Some of the author's choices, though, might puzzle any reader. For
example, she dedicates three chapters on the three theoretical
frameworks and then analyzes the linguistic material within each
framework. Predictably, this has lead to some cumbersomeness in the
presentation. Another example is in the discussion of adverbials where
she uses "evidential" as a class and a superclass label. (Infantidou
writes about attitudinal, illocutionary, evidential, and hearsay
adverbials. But all of them seem to be evidential according to the
author's definition!)
I want to make two further remarks: one on the scope of the definition
of evidentials and the other one on the scope of the research
conclusions. Both require the author's clarification.
The book starts by defining its research domain, evidentials, rather
broadly. Infantidou's analysis though suggests that evidential
constructions differ at least in their contribution to the
truth-conditional meaning of utterances. Given this difference, one
might question the initial decision to treat evidentiality
broadly. Infantidou however does not examine her initial assumptions
in the light of this finding. Note that other researchers suggest
narrowing the definition of the term and segregating the meanings and
forms Infantidou puts under the same umbrella. For example, Scott
DeLancey (1997, 2001) argues that the speaker's confirmation of the
truth of the statement is a category separate from the marking of
information source and he calls the former "mirativity."

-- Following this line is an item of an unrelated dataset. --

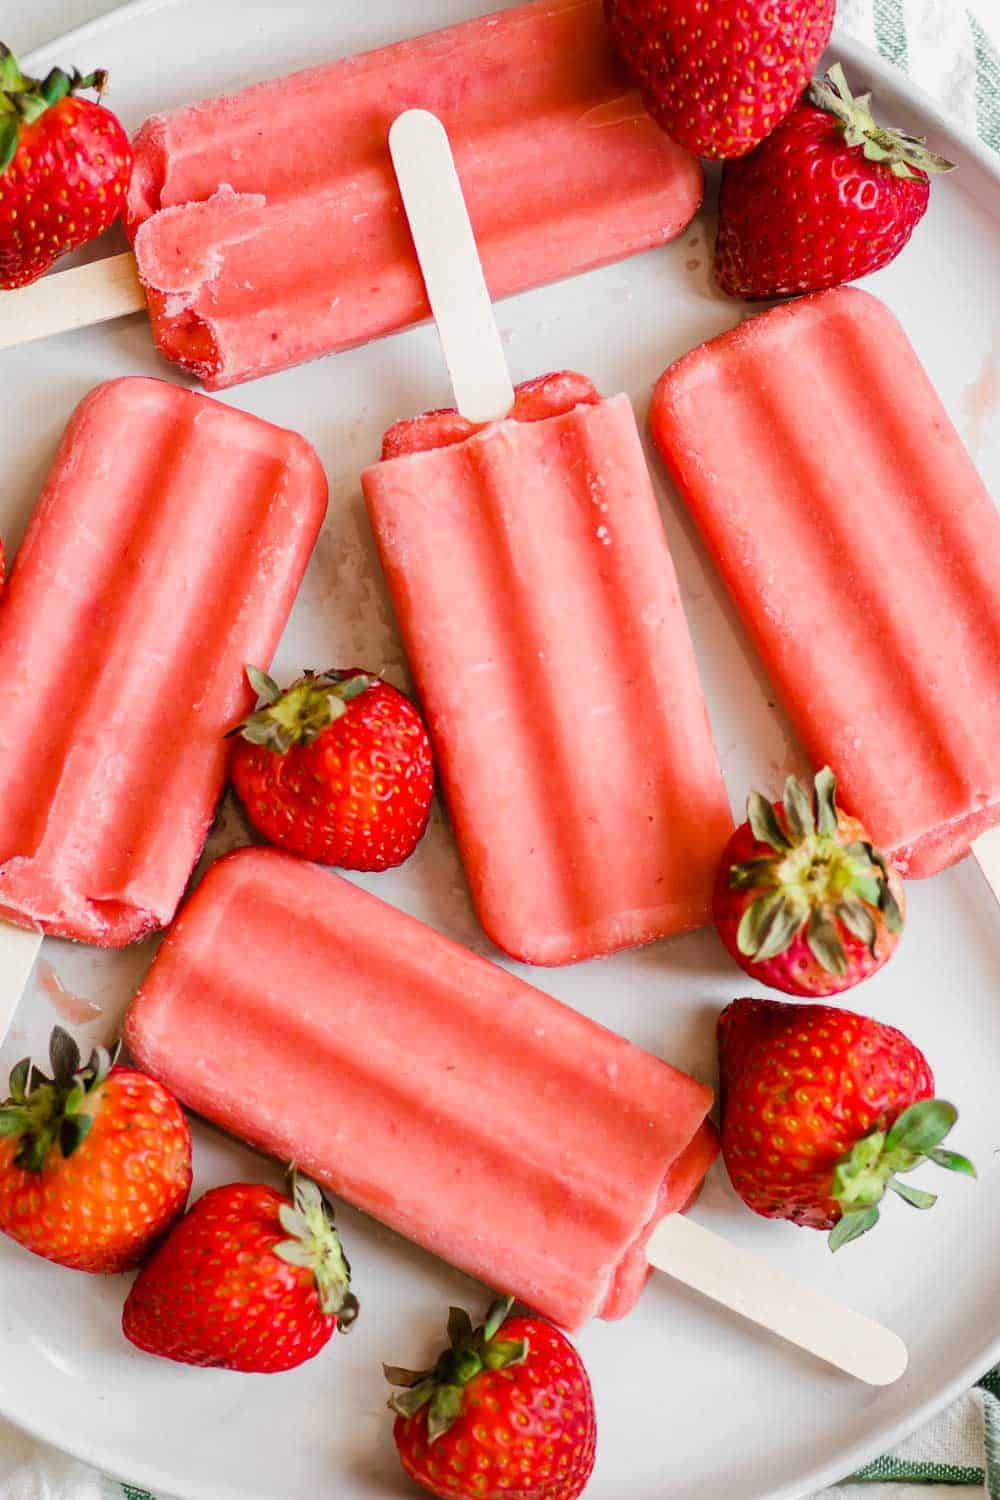 These healthy strawberry popsicles (vegan, paleo) contain only four ingredients and are incredible easy to make with only 5 minutes of prep! || The Butter Half #popsiclerecipe #healthypopsicles #easypopsicles #strawberrypopsicles #veganrecipes #paleorecipes #thebutterhalf
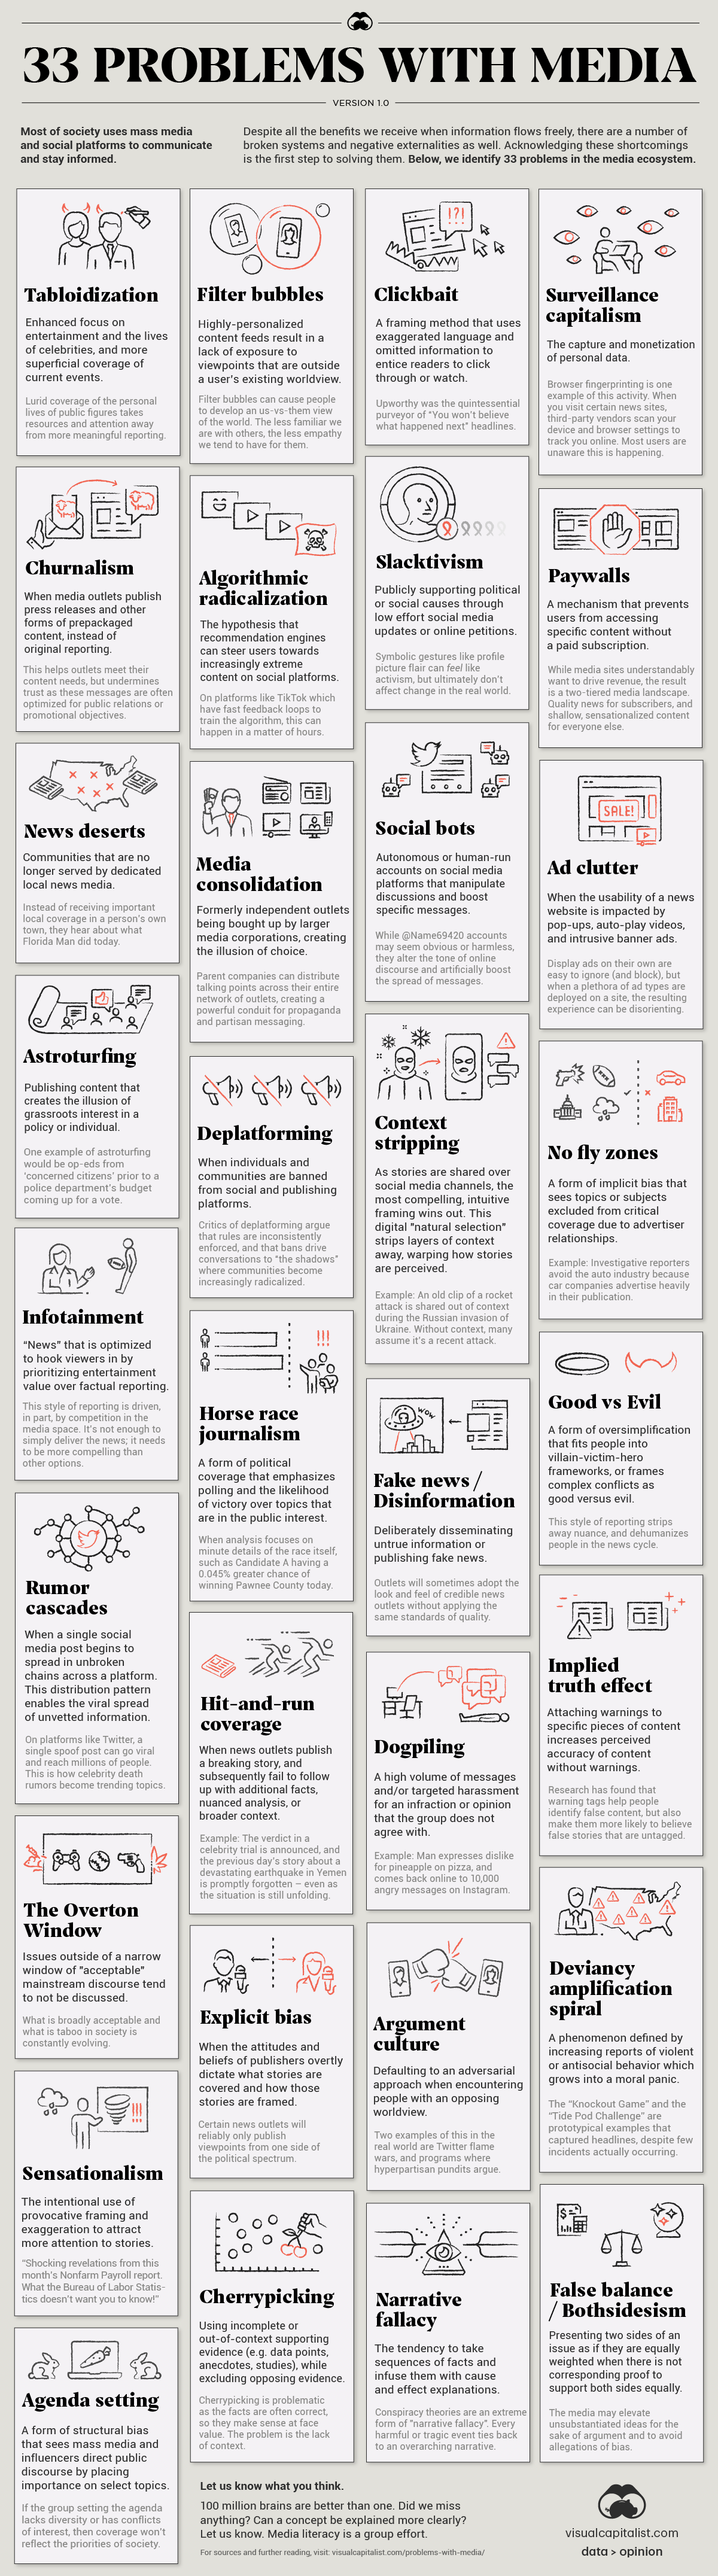 infographic listing problems with media, including bias, sensationalism, and more

With regard to the second issue, the scope of the research
conclusions, the monograph does not meet the expectation set up by the
definition of evidentiality that the topics of pragmatic inference,
truth-conditionality, and communicative explicitness would be
discussed relative to the broad base of facts about the various
evidential meanings and constructions in the world languages. How
revealing is the analysis of English adverbials and parentheticals,
and the Greek particle "taha" vis-a-vis the properties of evidentials
in other languages? Should we expect that analogous evidential
constructions in other languages share the semantic/pragmatic
characteristics of the studied constructions? Infantidou's answer is
not clear. A clear position, even without evidence, would have helped
frame the discourse between the present work and the researchers
working on evidentiality in other languages.
REFERENCES
DeLancey, S. (1997) Mirativity: The grammatical marking of unexpected
information. Linguistic Typology 1(1), 33-52.
DeLancey, S. (2001) The mirative and evidentiality. Journal of
Pragmatics, 3, 369-382.
ABOUT THE REVIEWER
Stanka Fitneva is a graduate student at Cornell University working on
evidentiality and sentence processing.